急速な細胞増殖及びバイオマスの増加によって特徴付けられる前相の後に、添加の第1のモードに従って、グルコース含有組成物の添加を調節することで、第1相(例えば、工程)が開始することができる。第1相は、供給溶液が培地にどのように添加されるか、及び細胞が添加の種類に応答してどのように増殖するかによるなど、様々な方法で説明され得る。
添加のモードは、遺伝子操作を受けた酵母の倍加時間に影響を及ぼし得る。第1相における倍加時間は、前相における倍加時間よりも長い(よりゆっくりな増殖)。第1の相中に、培地のバイオマスは増加するが、バイオマスは、前相で見られた増加よりも低い速度で増加し得る。第1相はまた、供給溶液が第1のモードとは異なる第2のモードで培地に添加される第2相と比べて、細胞がどのように増殖するかに関して説明することができる。
例えば、第1相では、酵母は、第2の相における増殖を超える第1の範囲内にある1つ以上の増殖速度(複数可)(希釈速度(複数可))を得るような条件下で、培地中で増殖され得る。例えば、播種/増殖期においては、増殖速度は、約0.06 1/時以上、例えば、約0.06 1/時〜約0.17 1/時、または約0.09 1/時〜約0.15 1/時の範囲とすることができる。
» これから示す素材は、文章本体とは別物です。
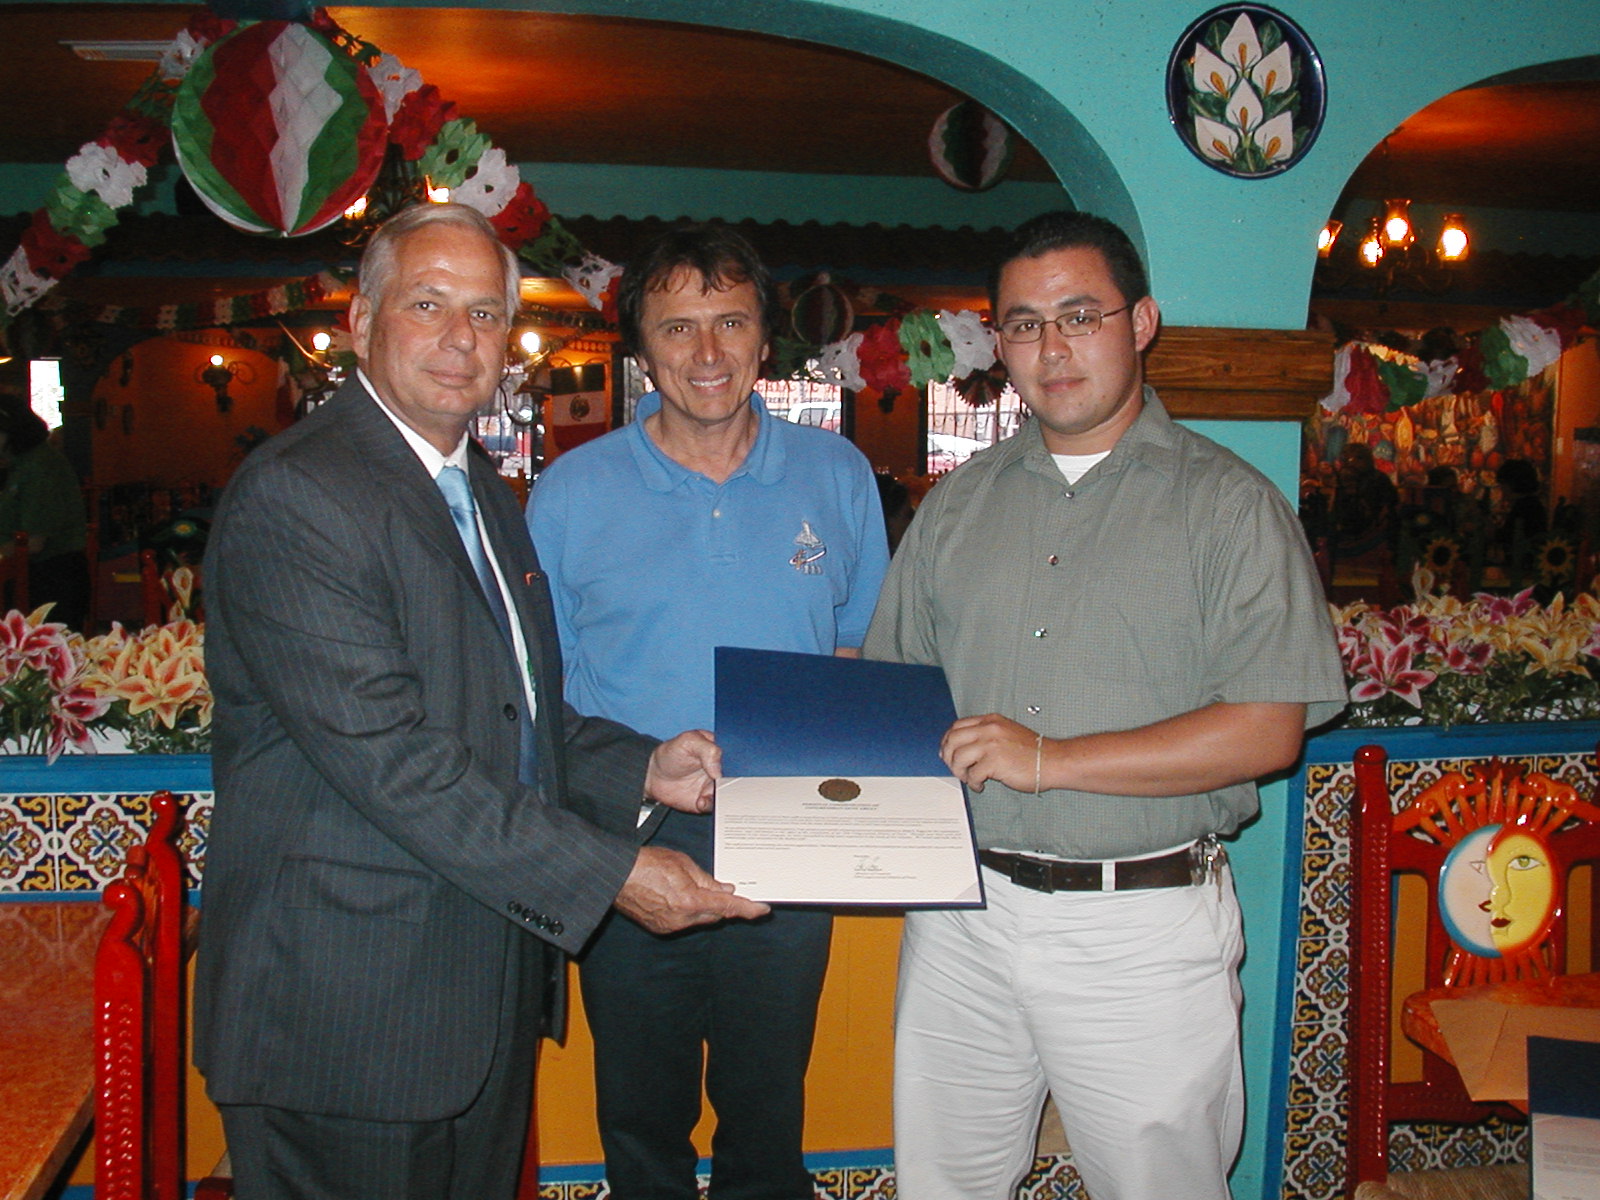 Jerry Lopez, District office intern receives Certificate of Appreciation from Rep. Green

任意に、第1相は、培地中のグルコース濃度に関して説明することができる。例えば、実際のいくつかのモードにおいて、第1相は、培地中に3g/L未満のグルコースが存在する時点で開始される。例えば、前相中の培地中のグルコースの量を監視することができ、濃度が3g/Lより下に下降したときに、第1相の供給が開始され得る。
第1相における所望の増殖速度は、グルコースを含む組成物を、第1のモードに従って培地に添加することによって達成され得る。「供給のモード」とは、グルコースを含む供給組成物が遺伝子操作を受けた酵母を有する培地に添加される方法を指す。供給のモードは、供給の一定速度、供給の不定速度、供給組成物の連続添加、供給組成物の一括添加などを含む。供給のいくつかのモードでは、供給組成物は、第1相中に供給の不定速度で培地に添加される。例えば、供給の不定速度は、供給の可変速度とすることができる。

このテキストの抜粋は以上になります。